Linked by Thom Holwerda on Sat 11th May 2013 21:41 UTC
Windows "Windows is indeed slower than other operating systems in many scenarios, and the gap is worsening." That's one way to start an insider explanation of why Windows' performance isn't up to snuff. Written by someone who actually contributes code to the Windows NT kernel, the comment on Hacker News, later deleted but reposted with permission on Marc Bevand's blog, paints a very dreary picture of the state of Windows development. The root issue? Think of how Linux is developed, and you'll know the answer.
Thread beginning with comment 561362
To view parent comment, click here.
To read all comments associated with this story, please click here.
RE[8]: Too funny
by satsujinka on Mon 13th May 2013 07:00 UTC in reply to "RE[7]: Too funny"
satsujinka
Member since:
2010-03-11

While cdude was being ostentatious, he does have a point. In that, technically, a file system is a graph database...
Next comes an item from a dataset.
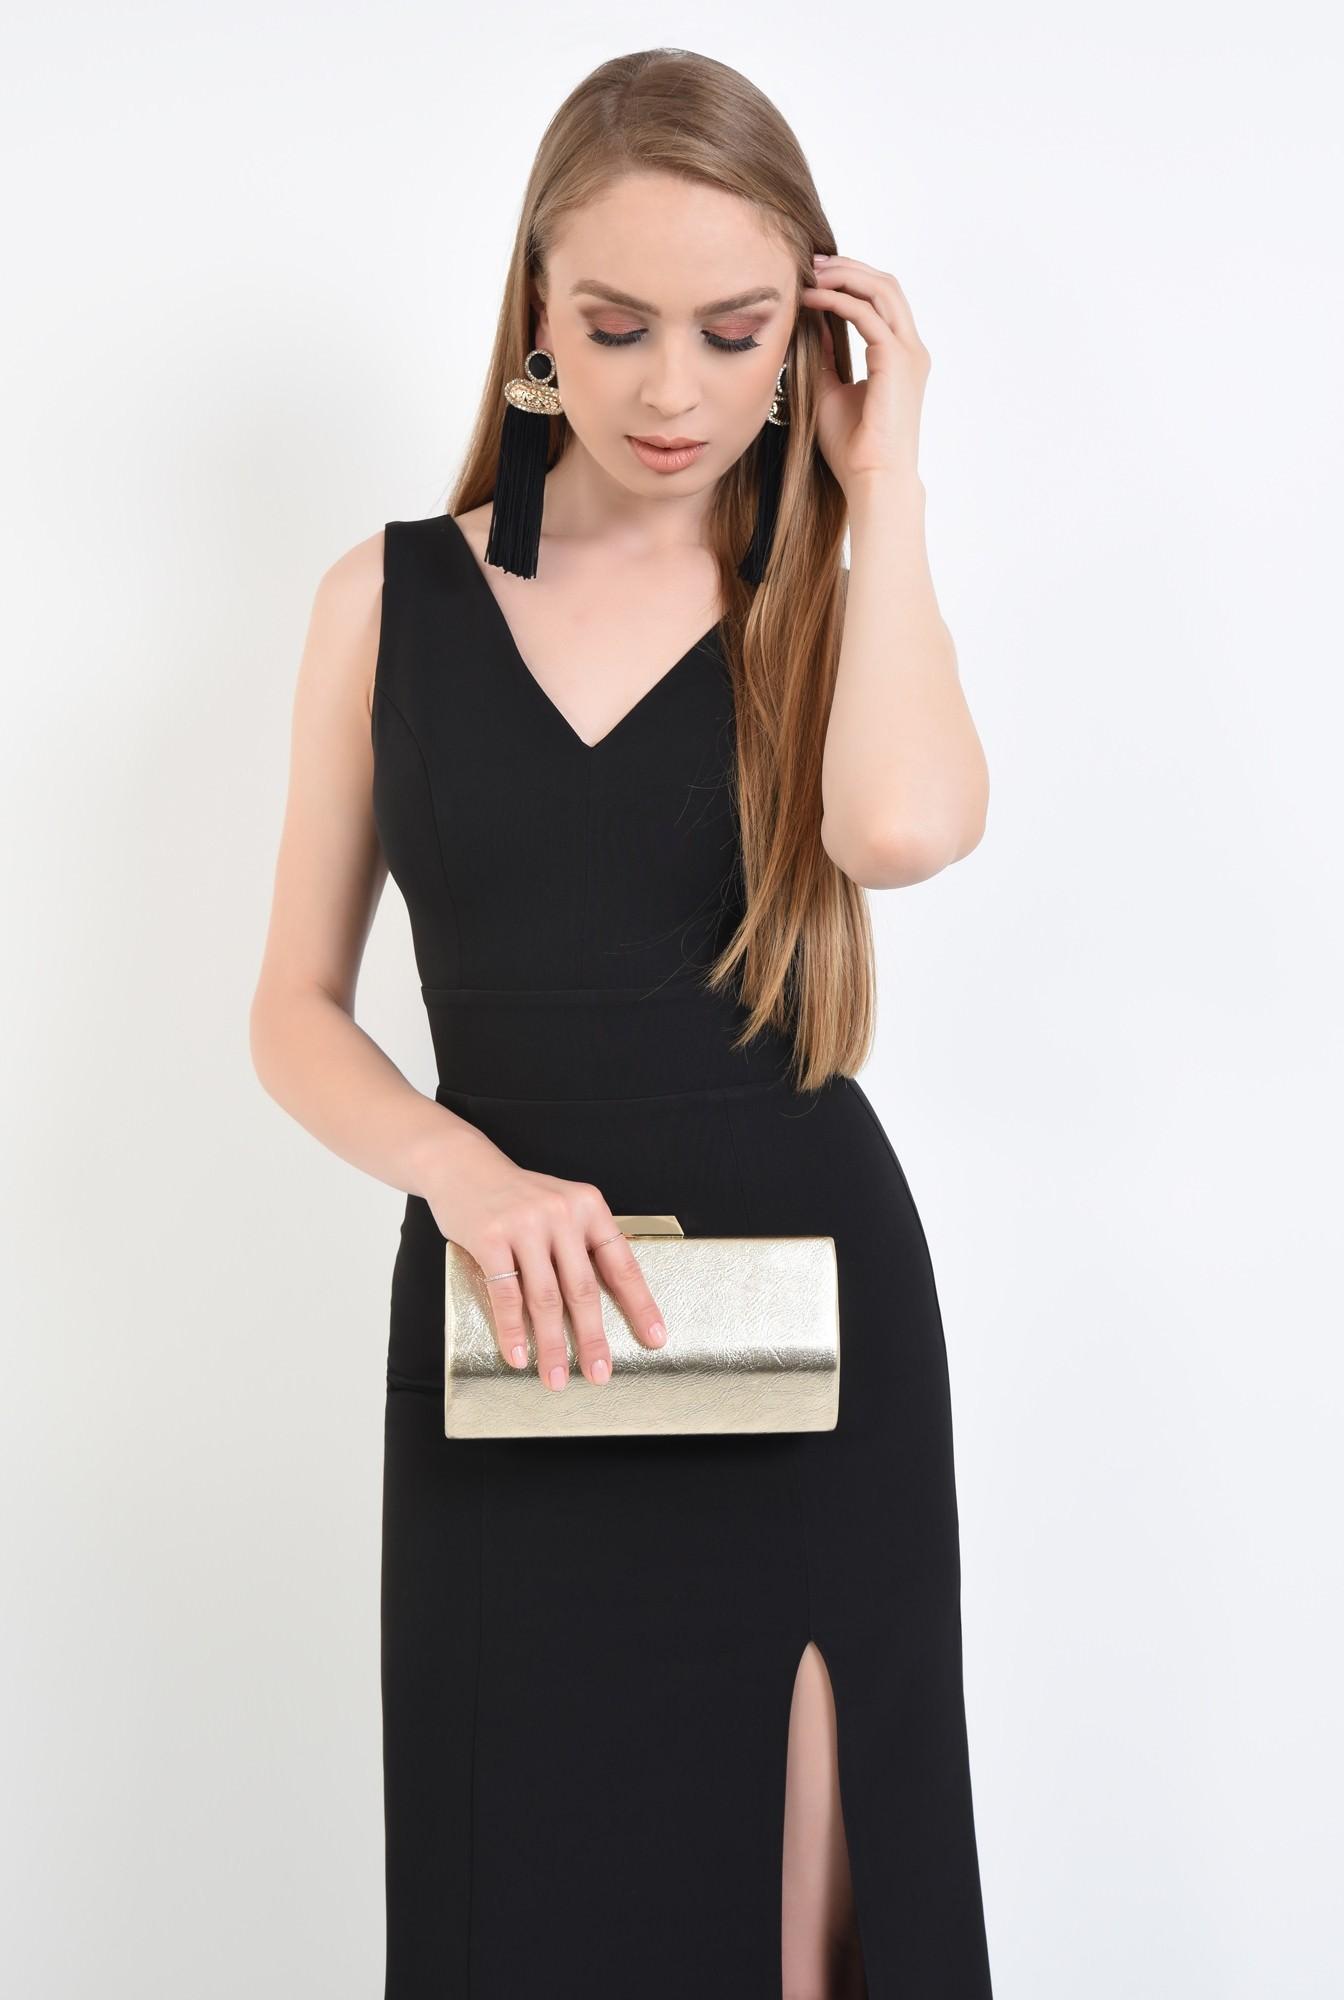 2 - rochie de seara, decolteu, anchior, negru, slit

Skipping over that and more importantly, there's no reason why you can't implement a database on top of text files. Perhaps, there might be some performance penalty due to the size of a human word and a machine word. But most other issues (i.e. indexing) are just a matter of translating from binary to what that byte actually meant.

Of course, with semi-structured text that has little embedded meta-data (i.e. syslog's logfiles,) getting adequate performance would be hard. However, I was already suggesting adding checksum meta-data; so it's not really a stretch to imagine that I'm okay with adding whatever other necessary meta-data.

Reply Parent Score: 3

RE[9]: Too funny
by Alfman on Mon 13th May 2013 15:19 in reply to "RE[8]: Too funny"
Alfman Member since:
2011-01-28

satsujinka,

"In that, technically, a file system is a graph database...Skipping over that and more importantly, there's no reason why you can't implement a database on top of text files. Perhaps, there might be some performance penalty due to the size of a human word and a machine word. But most other issues (i.e. indexing) are just a matter of translating from binary to what that byte actually meant."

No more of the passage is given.